Task details.
Return the stretch from the line with "Immune Boosting for Winter Wellness" through the line with "4G/3G WiFi (Hong" in the data below, character for character, skipping all pictures.

Records supplied.
___

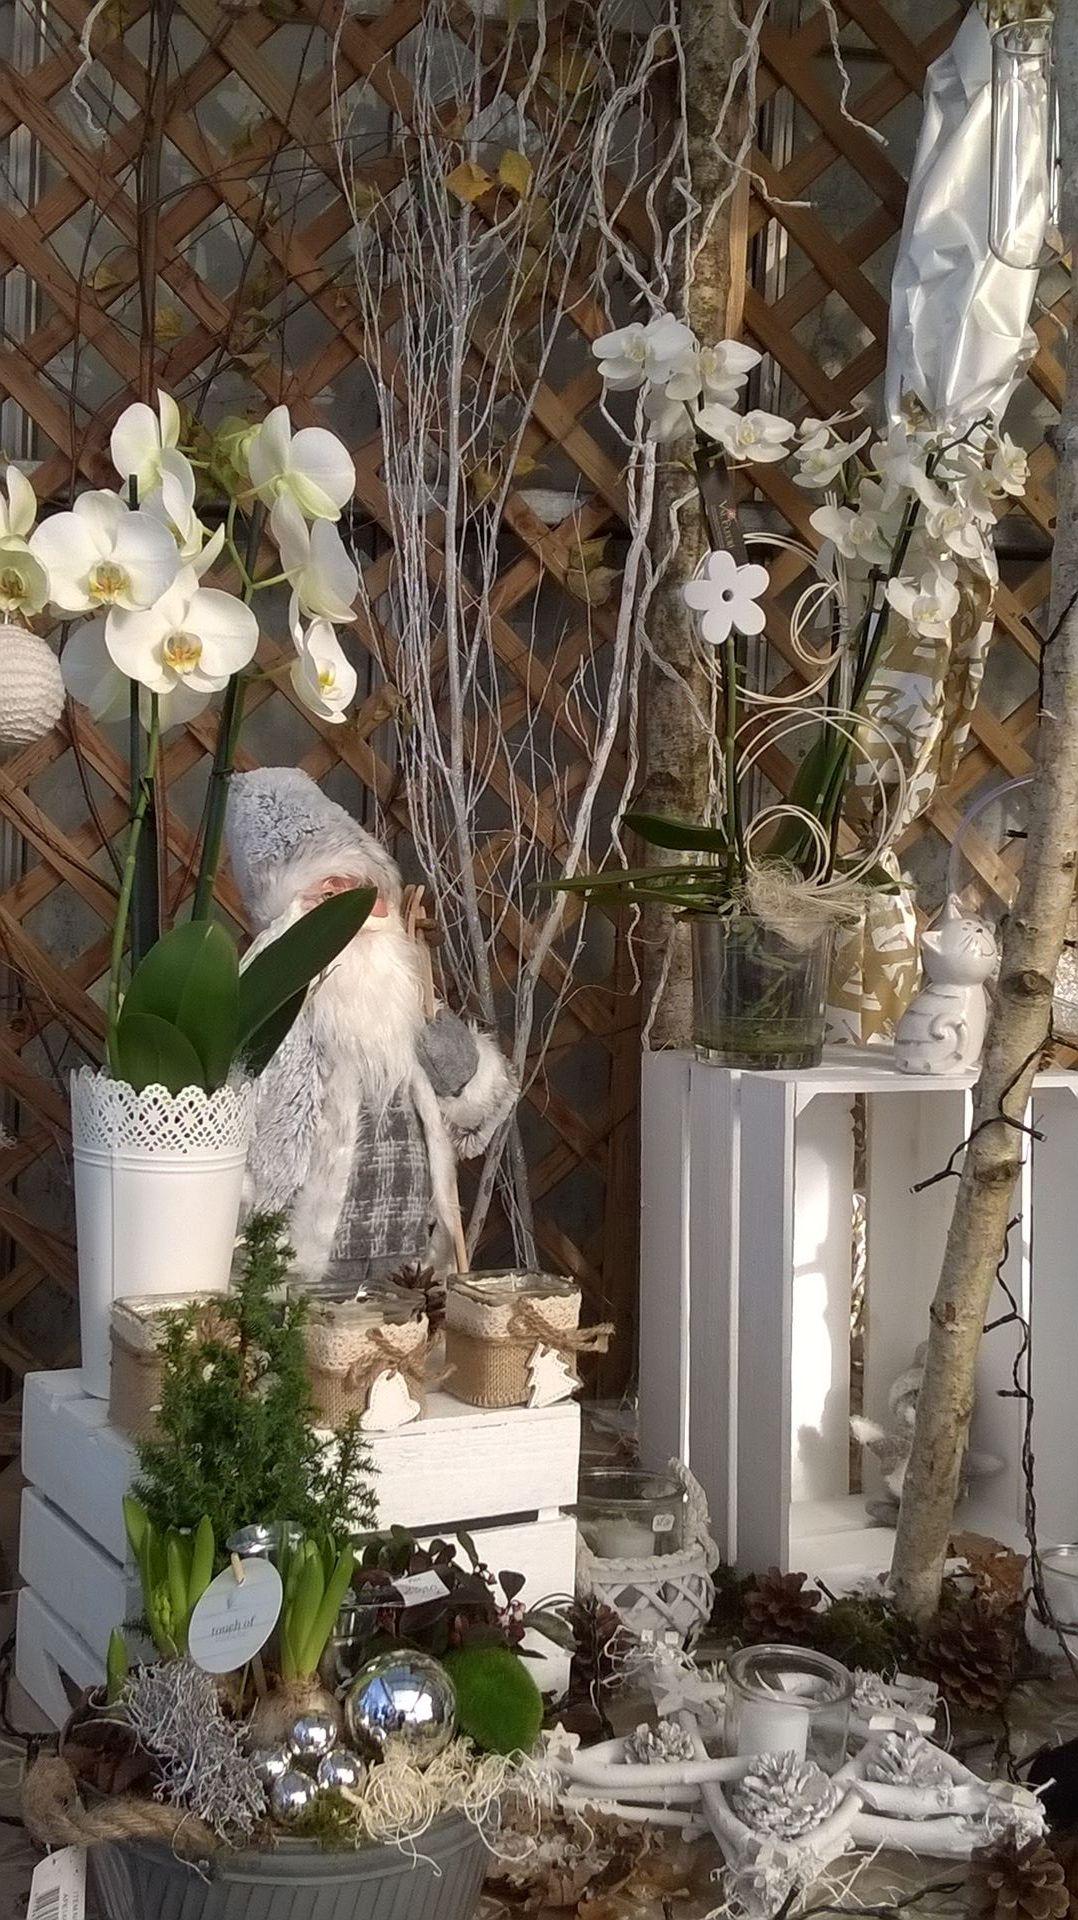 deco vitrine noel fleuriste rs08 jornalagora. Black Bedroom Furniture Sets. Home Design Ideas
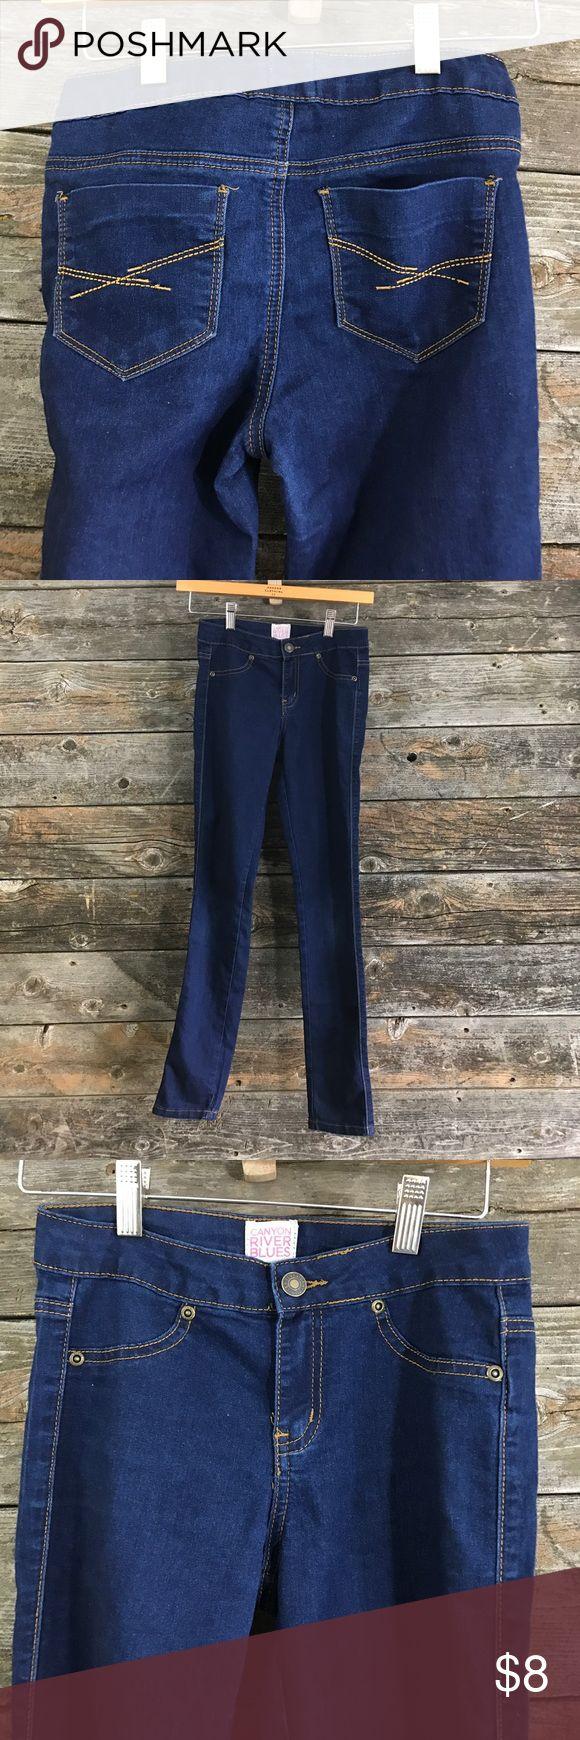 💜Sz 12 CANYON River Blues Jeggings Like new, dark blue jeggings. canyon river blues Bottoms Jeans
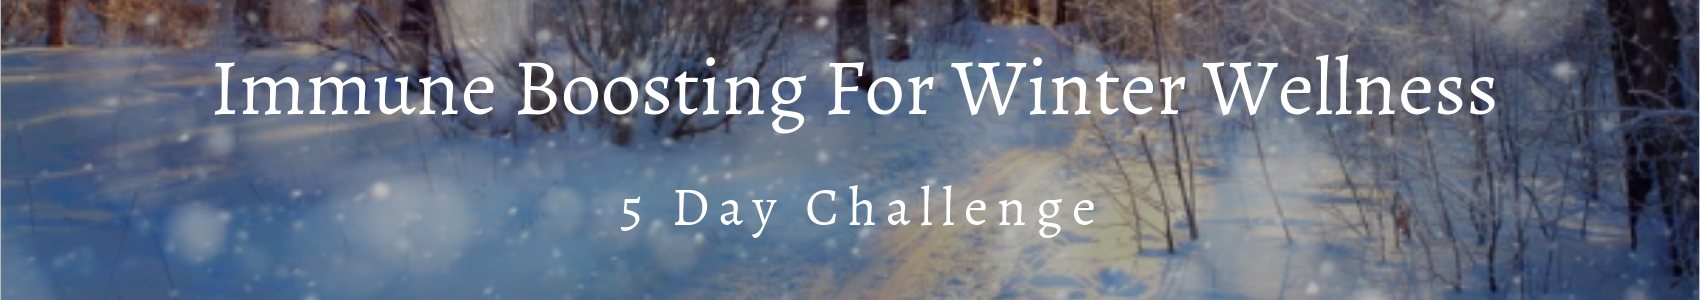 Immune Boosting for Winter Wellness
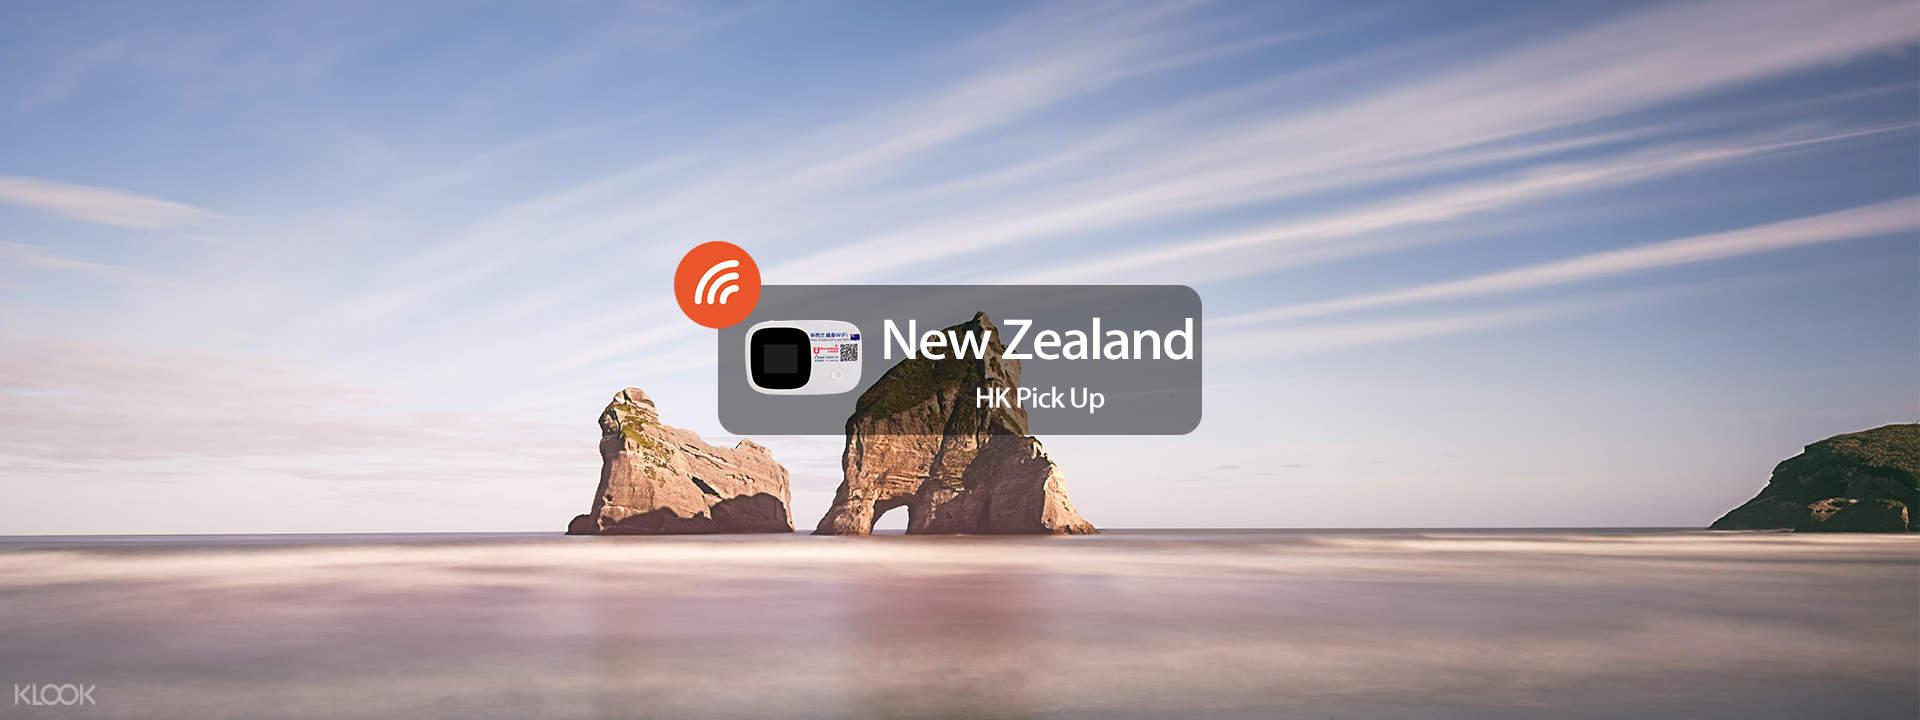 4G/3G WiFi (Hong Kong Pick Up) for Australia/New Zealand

___

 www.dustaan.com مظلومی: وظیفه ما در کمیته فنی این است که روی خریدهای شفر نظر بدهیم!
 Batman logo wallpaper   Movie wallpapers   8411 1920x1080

___

Written answer.
 Immune Boosting for Winter Wellness
 4G/3G WiFi (Hong Kong Pick Up) for Australia/New Zealand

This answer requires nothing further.